Numerical method with rational nodes and weights to compute exact value of definite integral?

Question

Description

Let $p(x)$ be a polynomial of degree $n$ and rational coefficients.

I'm interested in computing numerically the exact value of the integral $I$, which is also rational

$$I = \int_{a}^{b} p(x) \ dx$$

Usually the numerical integral is computed by the sum of weights $w_i$ and function values at nodes $x_i$

$$\tilde{I} = \sum_{i=1}^{m} w_i \cdot p(x_i)$$

The exact integral can be obtained by

• Newton-cotes formula with $m = 1+2\left\lfloor \dfrac{n}{2}\right\rfloor$ evaluation nodes
• Gauss-legendre quadrature with $m = \left\lceil \dfrac{n+1}{2}\right\rceil$ nodes.

Clearly gauss-legendre uses less points than newton-cotes due to the fact Newton-cotes keeps the nodes fixed at equal distance and find the best weights, while gauss-legendre find the best nodes and weights.
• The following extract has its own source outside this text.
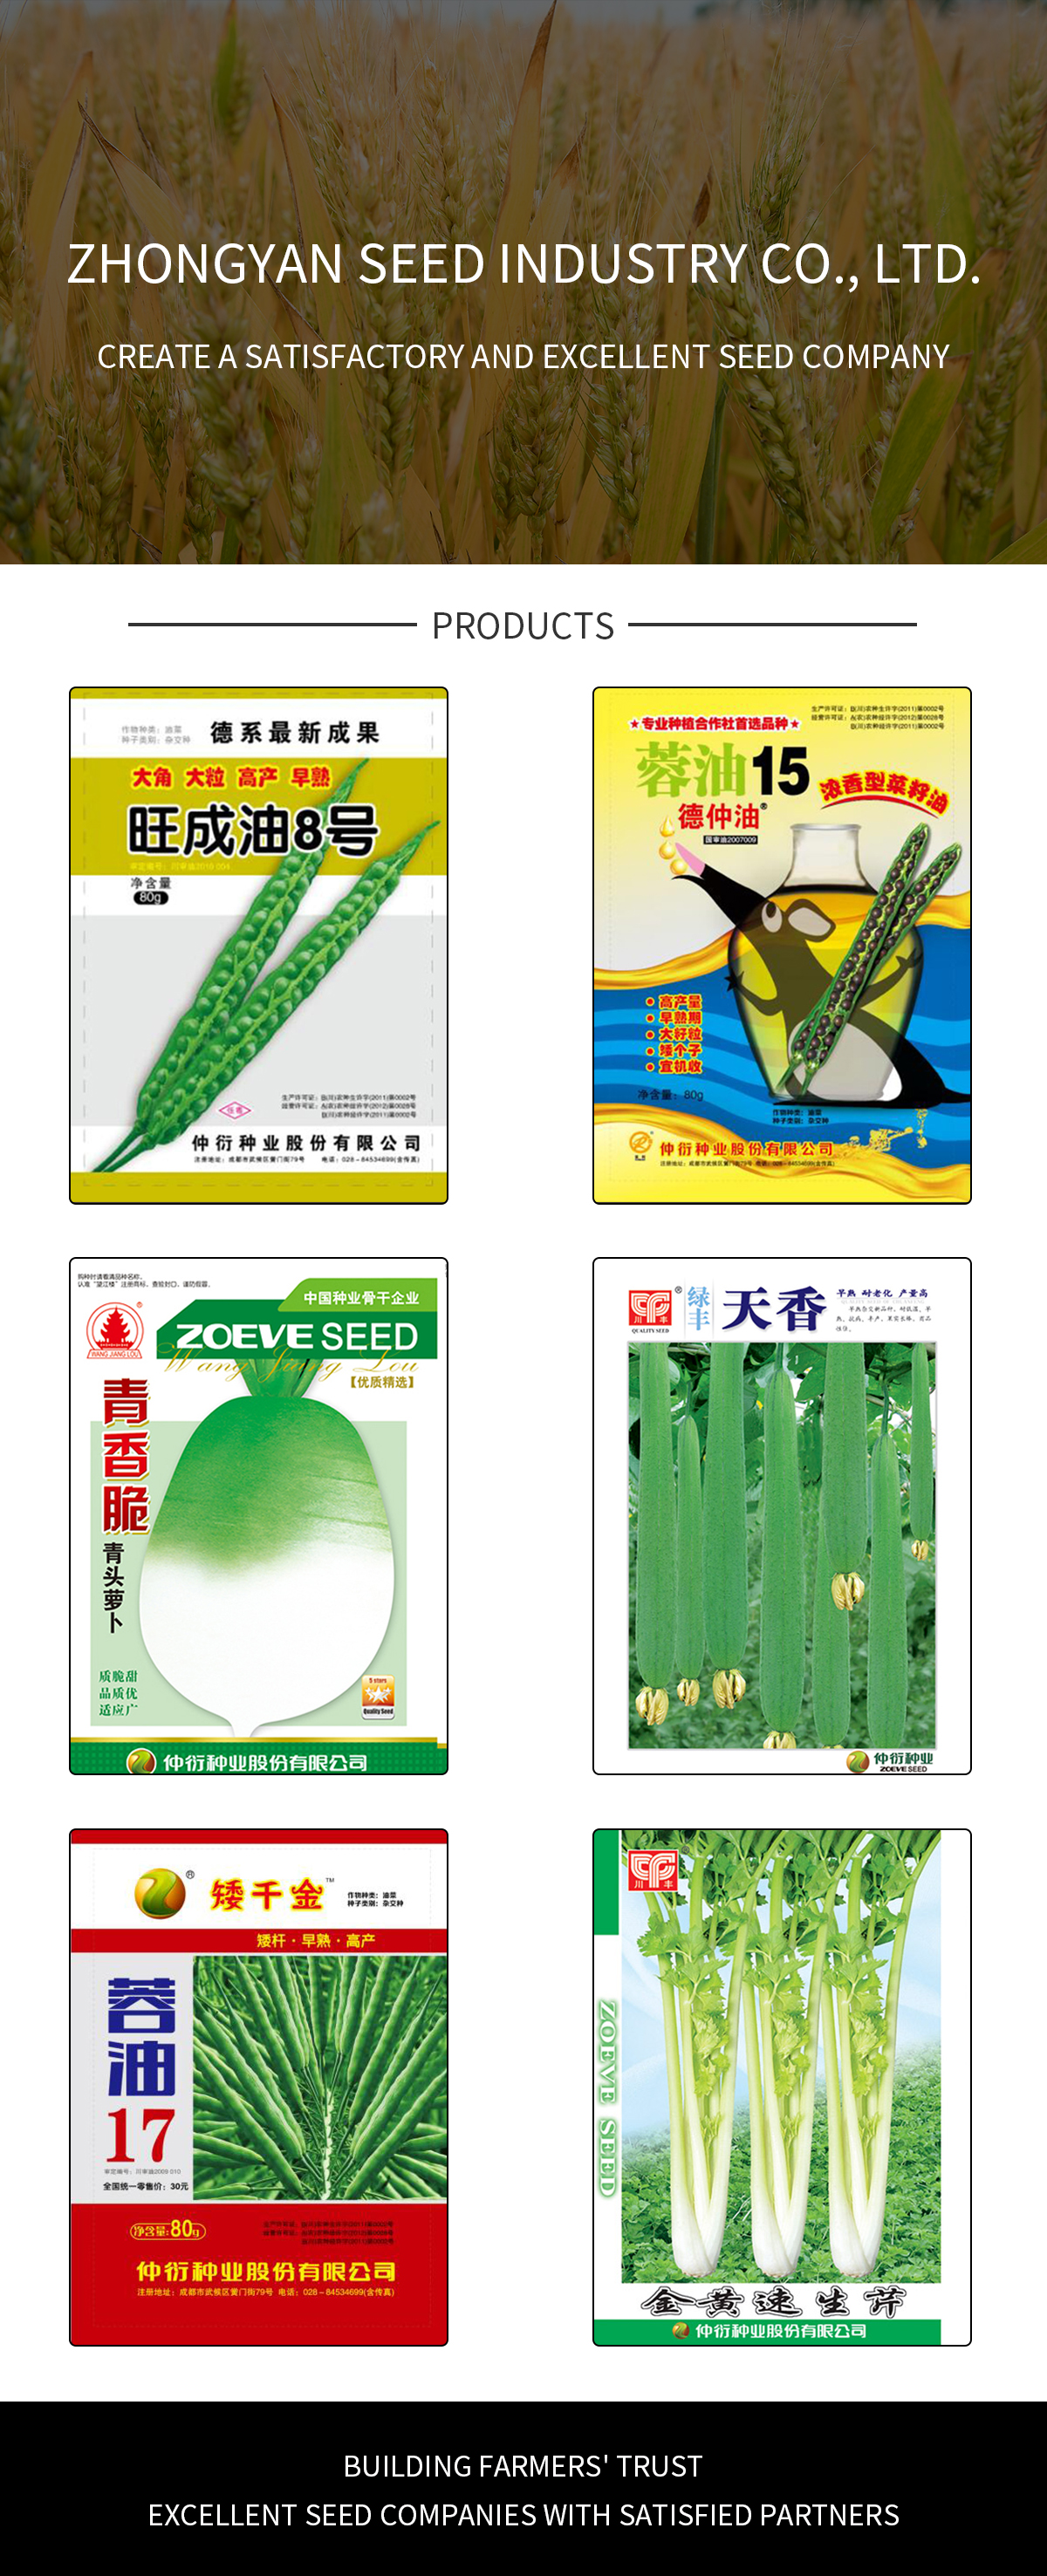 Zhongyan Seed Industry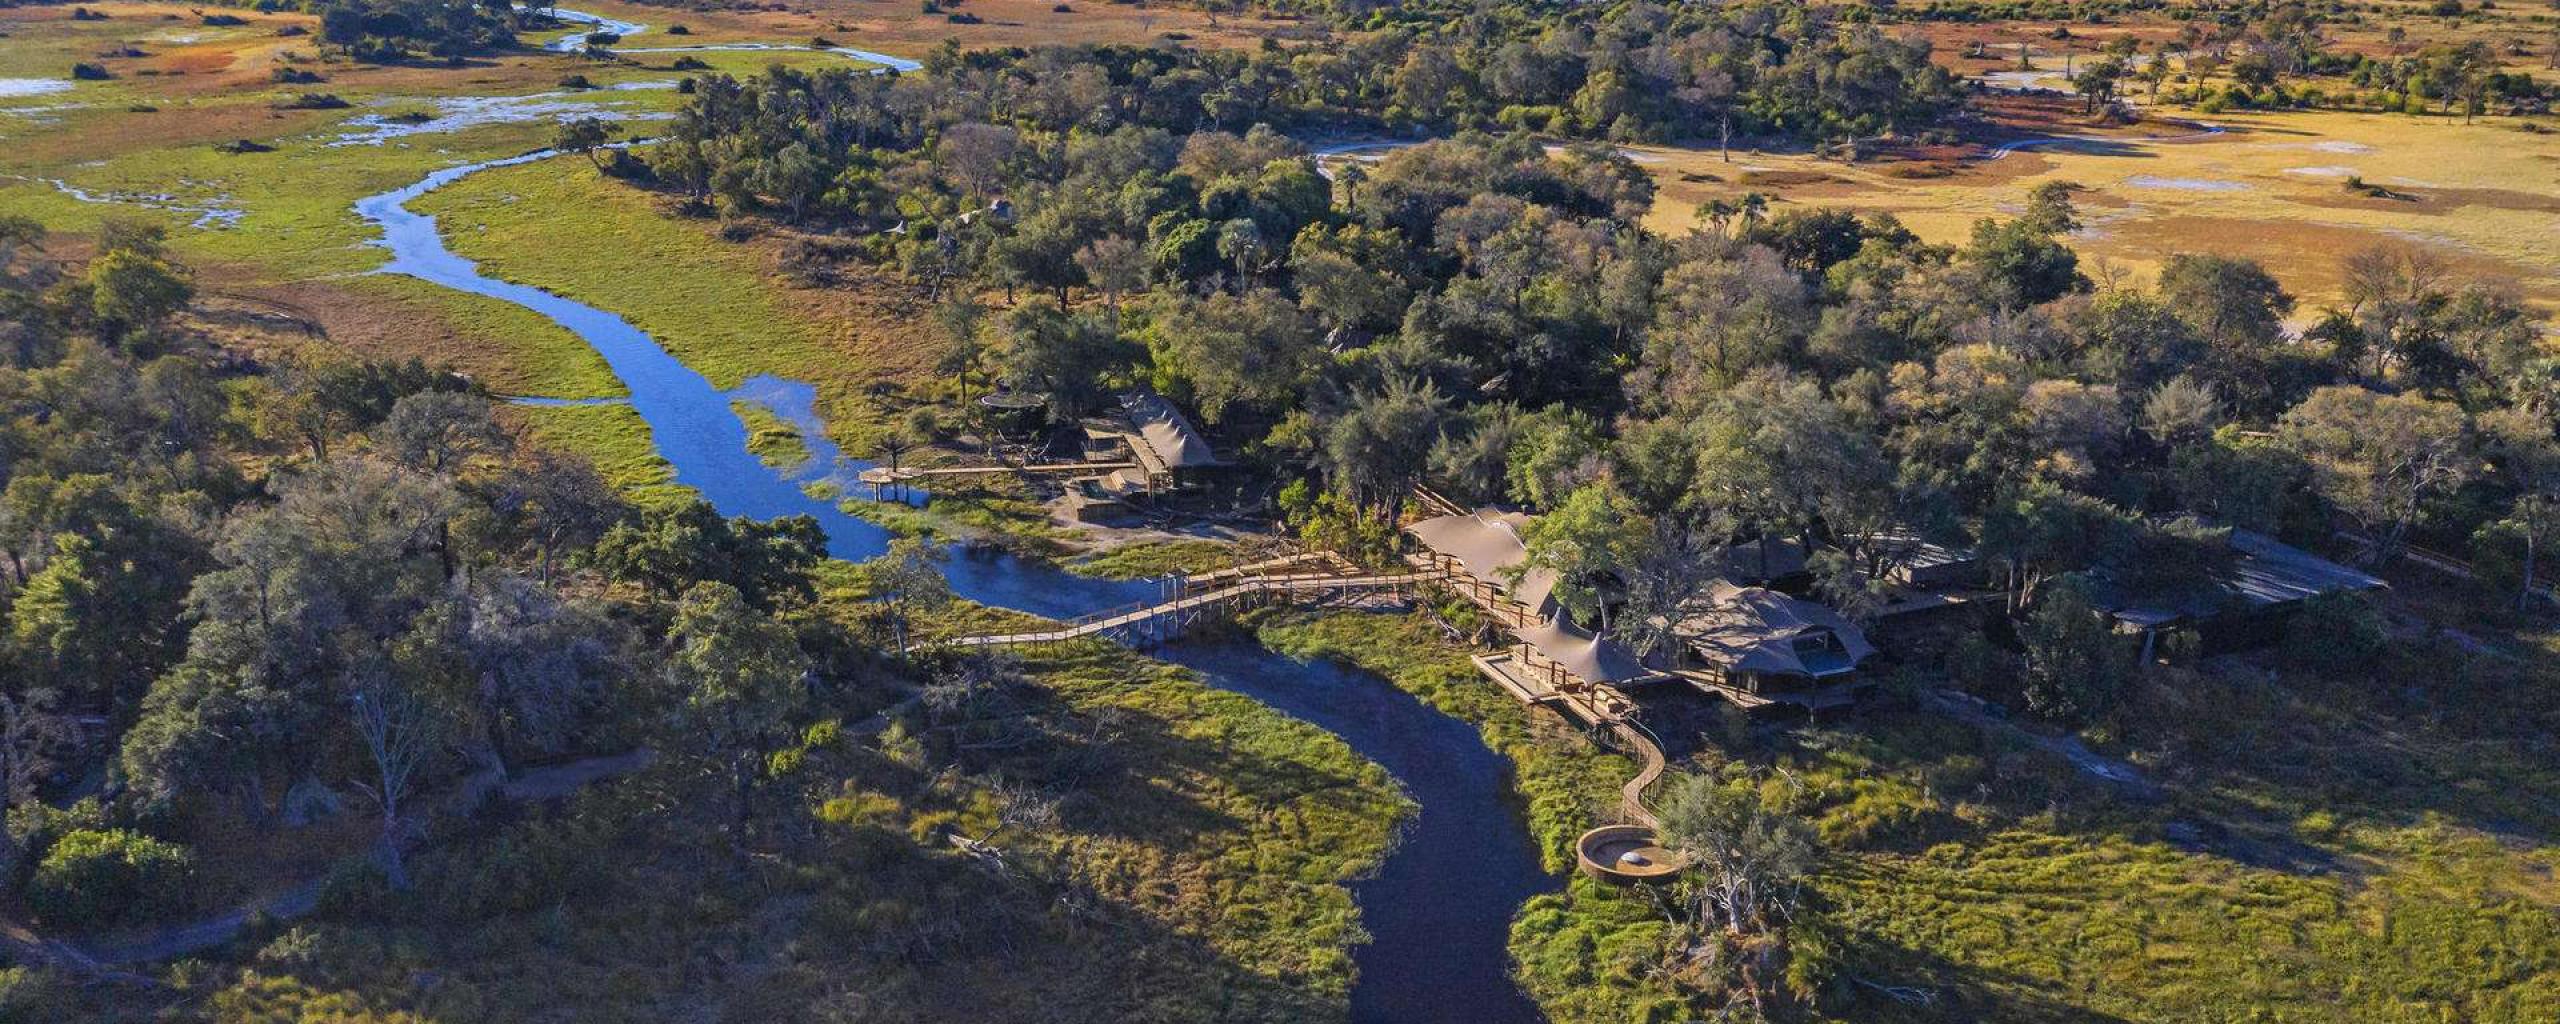 Xigera - Okavango Delta

But the problem with gauss-legendre is the fact its nodes are irrational, impossible to represent them in computer, while rational values can.

Then I asked myself if there's a numerical method such we allow the nodes $x_{i}$ to move (different from newton-cotes) while keeping $x_i$ and $w_{i}$ in rationals (different from gauss-legendre). But unfortunatelly I have no clue how to start it

Question

• Is there some numerical method that uses $m \le 2\left\lfloor \dfrac{n}{2}\right\rfloor$ rational nodes and returns the exact value of $I$ ?
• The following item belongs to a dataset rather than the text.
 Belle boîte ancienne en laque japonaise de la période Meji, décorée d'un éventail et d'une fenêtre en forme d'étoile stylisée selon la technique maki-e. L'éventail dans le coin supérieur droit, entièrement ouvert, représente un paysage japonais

An equivalent question is:

• Given constant $m$, what is the maximum degree $n$ such $I$ is equal to $\tilde{I}$?

Notes

Note 1: I don't know the values of the coefficients $c_i$ of $p(x)$ to compute

$$I = \sum_{i=0}^{n} c_{i} \cdot \dfrac{b^{i+1}-a^{i-1}}{i+1}$$

Finding these coefficients means evaluating $p(x)$ at $(n+1)$ nodes, which would be the same as newton-cotes

Note 2: Assume my computer has infinite integer precision and can represent any rational.

Note 3: For many the approximation of the gauss-legendre irrationals by float are enough, but trying to transform these irrationals into rationals (in computer) may lead to error.

Answer 1

It can be done with $n$ abscissae for odd $n$, though I'm not sure it can always be done with positive weights. Take $a=-1$, $b=1$ without loss of generality.

I'll do $n=5$. Consider $$I=w_0(f(-x_0)+f(x_0)) + w_1(f(-x_1)+f(x_1)) + w_2f(0).$$ The symmetry ensures that it integrates odd powers correctly. Make the three equations that say it works for $1$, $x^2$ and $x^4$, and solve for $w_0,w_1,w_2$ as rational functions of $x_0,x_1$. Put in any rational values of $x_0,x_1$ and you get rational weights. What I'm not sure about is whether you can always get positive rational weights.

For $n=5$: $x_0=1,x_1=\frac12$ gives $w_0=\frac{7}{45}$, $w_1=\frac{32}{45}$, $w_2=\frac{4}{45}$.

For $n=7$: $x_0=1$, $x_1=\frac23$, $x_2=\frac13$ gives $w_0=\frac{41}{420}$, $w_1=\frac{18}{35}$, $w_2=\frac{9}{140}$, $w_3=\frac{68}{105}$.

ADDED:

The problem for degree 7 and 5 abscissae symmetric about 0 comes done to whether $y$ and $\sqrt{(21y^2-15)/(35y^2-21)}$ can be rational at the same time. I didn't prove it but I suspect there are no solutions and therefore no rational quadrature rule of that form.